ОглавлениеНазадВпередНастройки
Добавить цитату

8. Вирус жизни

конец декабря 2133 года. Земля, Тихий Океан, Остров Мауи, «Вилла науки»


«Приветствую вас в раю!» – сообщал нам первый рекламный плакат на подлете к научному центру. На следующем красовалась улыбающаяся голографическая девушка в красном бикини и шапочке Санта-Клауса. Под ее загорелой фигуркой была надпись: «С наступающим 2134 годом!». Она помахала нам рукой, провожая на посадку.
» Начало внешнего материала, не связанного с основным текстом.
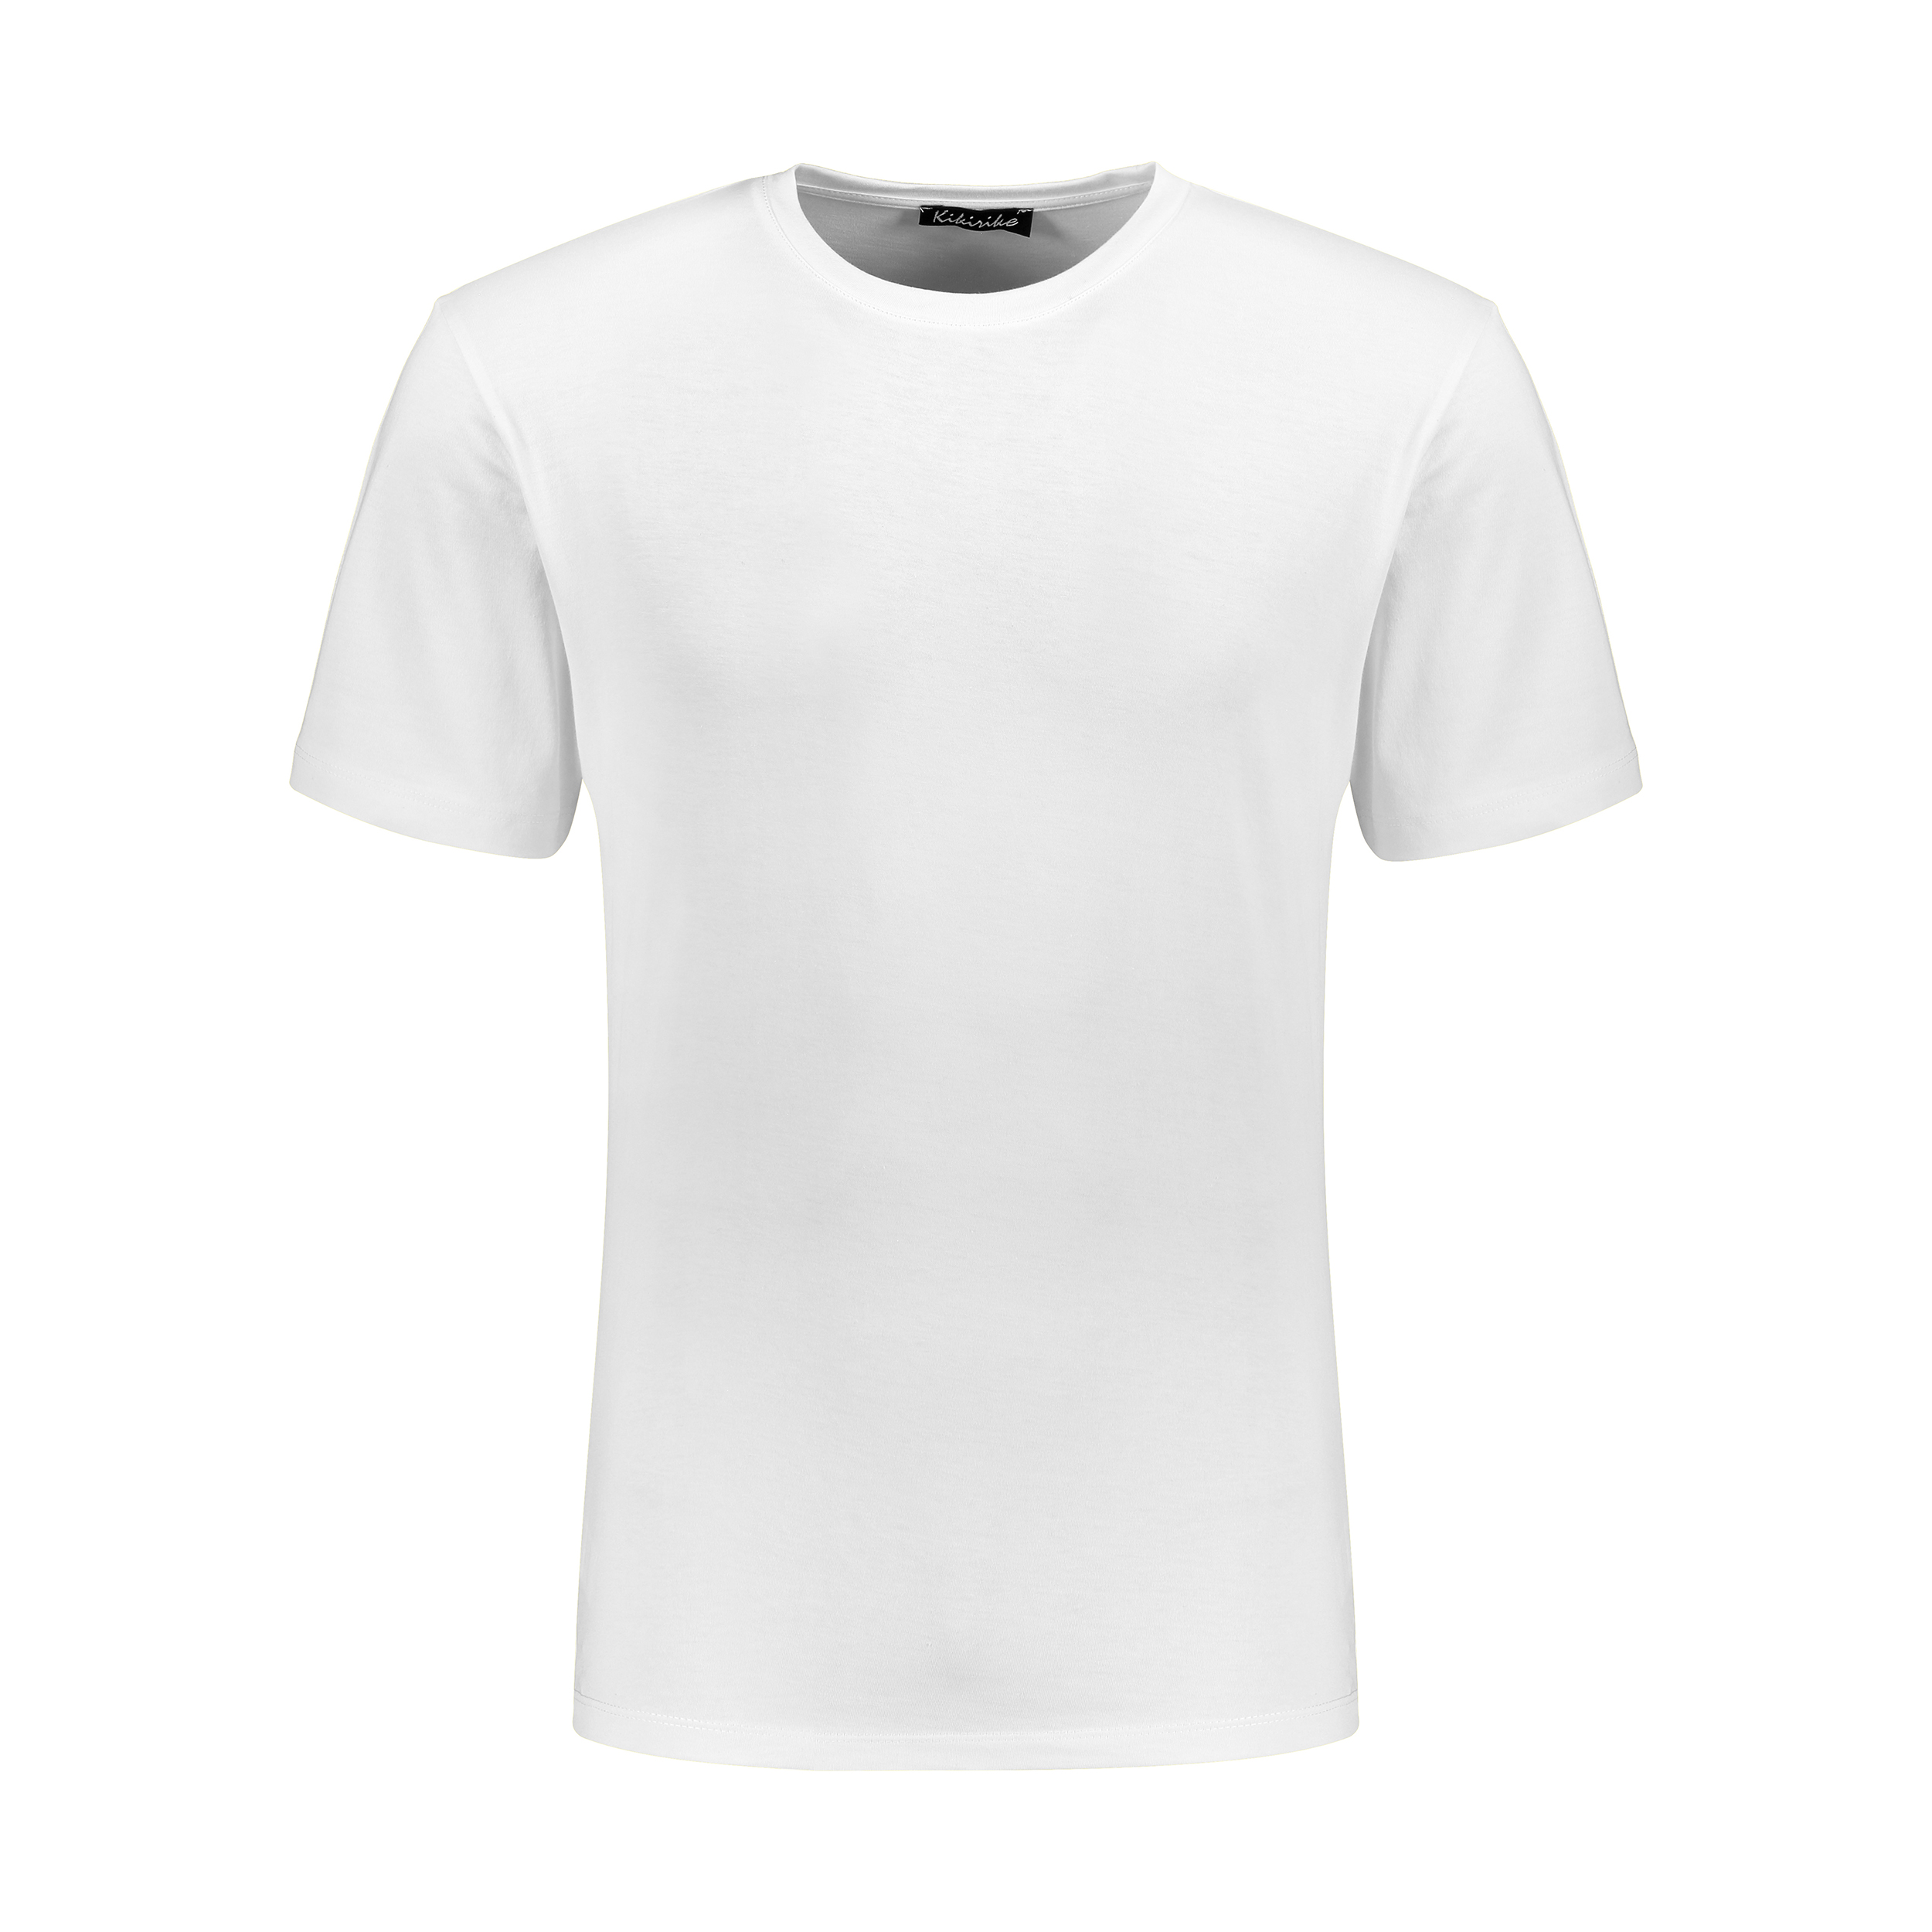 نقد و بررسی تی شرت مردانه کیکی رایکی مدل MBB02807-002 توسط خریداران

Наш корабль дугой прошелся над водой, такой прозрачной и голубой, что на ходу хотелось прыгнуть в ее сверкающие брызги и прохладу. До горизонта, туда, где виднелся одинокий столбик маяка, протянулся пляж с белоснежным, как сахар, песком и грядой пальм, широких и мохнатых. Их толстые листья, напитанные влагой и солнцем, сверкали зеленым глянцем. За ними в дымке низко висящих облаков поднимался силуэт двух сросшихся вулканов, с незапамятных времен украшающий местный океанический пейзаж.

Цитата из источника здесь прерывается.